In the long run it will be very good. This same progression happened in Japan. At first the "high tech" jobs were just money work of mindlessly screwing on the same part. But then later the high tech job is the person who programs or designs or services the robots. There jobs pay more.
The bad news is that almost always the person doing the money work is not the same one to get the news robot service job as he will lack the required education.
The end result is what we see here in the US. A two class system, those with good education, four year degrees (at lest) in technical subjects making a middle class wage and others working in fast food stores who can't afford to even buy a car let alone a house, send two kids to collage and so on.
But in the long run the robots recreate tens of thousands of much better jobs while forever eliminating jobs for unskilled workers
Well, look where Japan ended up in the financial chain a public debt of 230% there GDP

- there's no country more broke then Japan, just because there economy is already stagnating since the eighties, because there workers are to expensive, they have no natural resources at all, they have to invest heavily in damage control and last but not least, the Japanese have the highest life expectancy of any demographic group in the world.
The western countries may design everything, but it's also the west that buys them.

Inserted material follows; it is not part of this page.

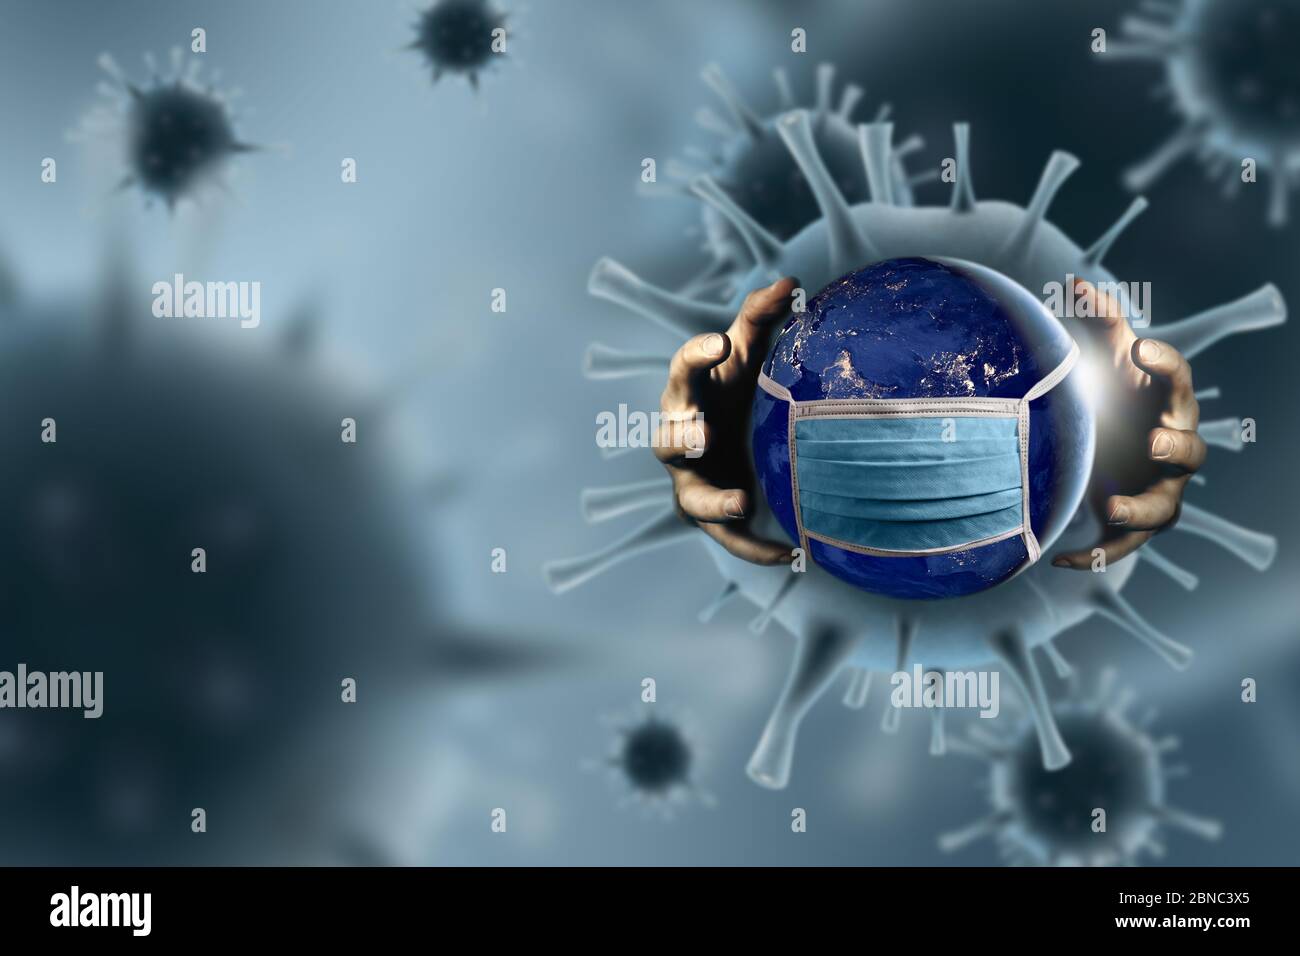 Planet Earth with face mask to protect from coronavirus. Hands grasping the globe with virus cells in background. Covid 19 quarantine, 3D illustration Stock Photo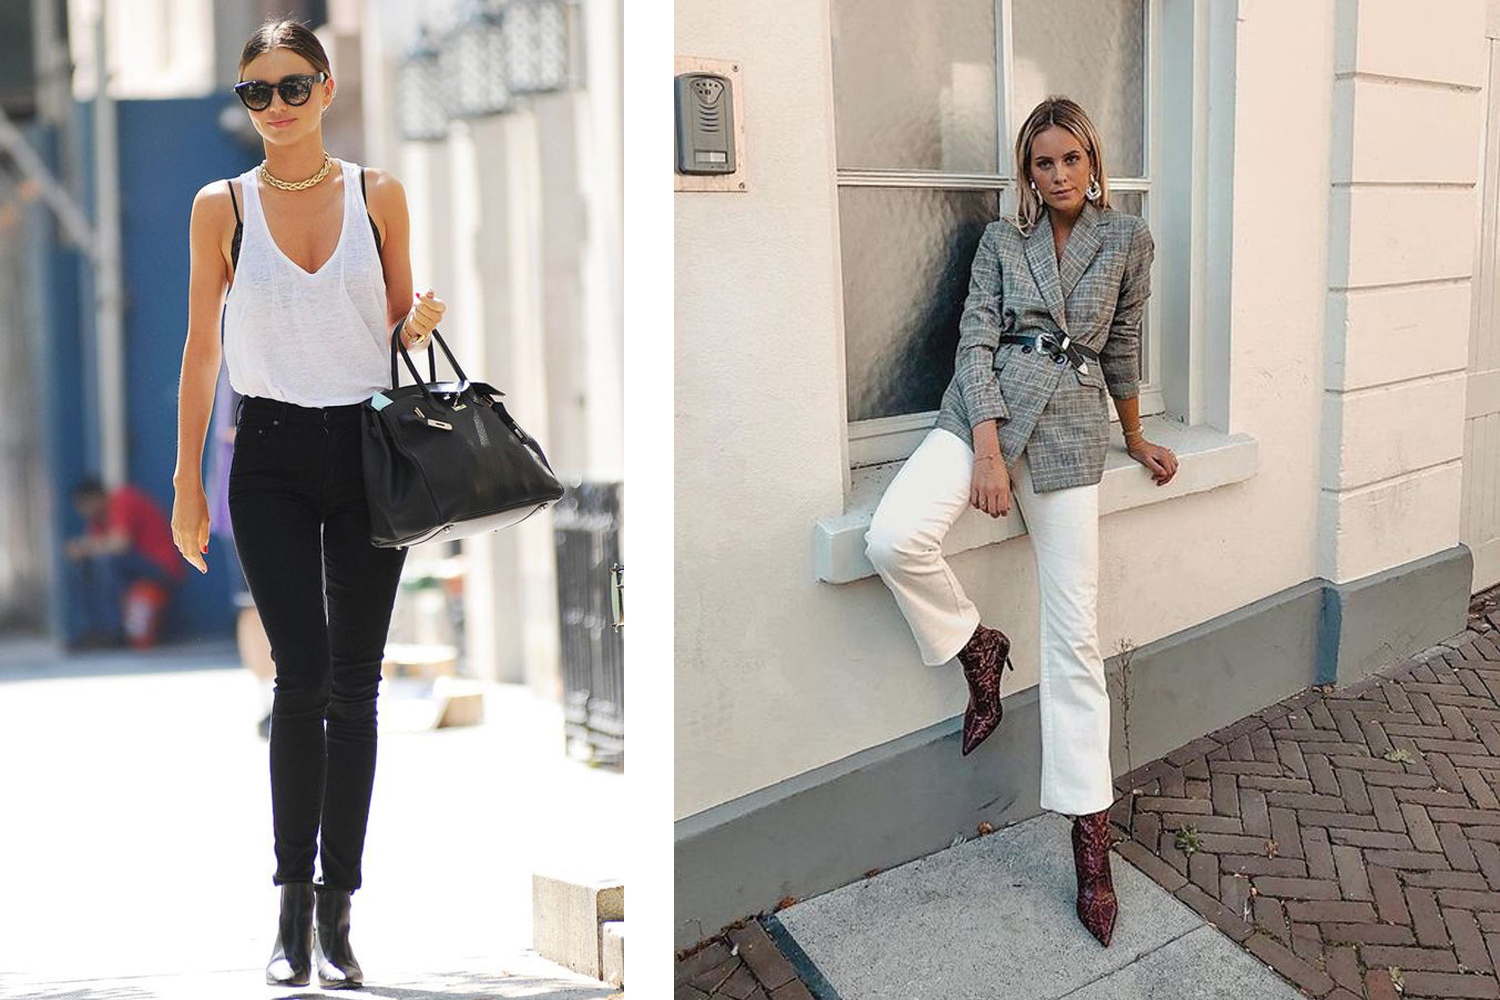 Le Fashion: A Chic Look to Put Together With Easy Basics

So in the end the money goes to the country that buys the least and produces the most (simple mercantilism - minimal import, maximal export - destroys the market in the long end, if everyone decides to use the same strategy - but it worked great for 15th century France). It doesn't matter how heavily you invest in education. As long as we design here and build in the developing countries we'll see a money drain. As soon as the developing countries have a decent educated base themselves, we'll end up just buying stuff.
The economical growth in western countries is mainly based on population growth, efficiency increment, inflation and debt creation.This growth is very very relative. It's not because we earn more, we become richer. The economy might have grown significantly in absolute numbers, but if you take inflation and population in account, we apparently create less value then we used to. EG. US - GDP/capita was about 5,200 in 1914 (
source). Current GDP/capita is 47,677. What is the buying power of 5,200 dollars from 1914 in comparison to today? $113,973.08 (
source) . How absurd is this? So in the end every thing ended up becoming cheaper in a way, but the actual value creation decreased! We found way after way to make the production process cheaper, and in the end we became cheaper. The relative economical growth has been negative all those years ...
So to keep our economy growing we have to keep making stuff cheaper and cheaper. We have to make it so cheap that even persons without a job (like jobless and most importantly grannies) can keep buying stuff (or better: the workers can sustain there costs). But how will we accomplice this? After the Chinese get richer, who will we turn to (what's happening right now)? What if the easy accesible sources of petrol, rare earth elements, Uranium, copper etc. run dry? Or the climat changes so much that arts of our rural areal get useless? Who honestly still expects that 'science' will be able to keep up?
And I think you have the wrong vision on what a two-class system is. Okay, in Europe, money is divided somewhat more equal, but that's all thanks to larger gouvernemental budgets (and thus higher taxes). But it hasn't been that way forever. The reason why US didn't approve national health insurance and other social securities is because you never got the extreme polarization at the end of 19th century Europe knew. 5% of the population owned 95% of the value. Although slave labor was abolished, people didn't get more then a shag per 10 headed family, some coals to heat that dump and some dry bread and potatoes which they all rented/bought from there employer. In the end they received money, but ended up paying it all back to the textile giants. That's a two class system (like most developing countries still know nowadays). In the US there's a 'gap' but it's not in anyway as big as the gap between the European worker and the textile barons, the serfs and the Russian tsar or nowadays the Chinese farmers and the Hong-Kong traders. It's kinda hypocritical to say that someone who ain't able to buy a flatscreen and the latest ipod is poor, if still a third of the world's population suffers severe famine.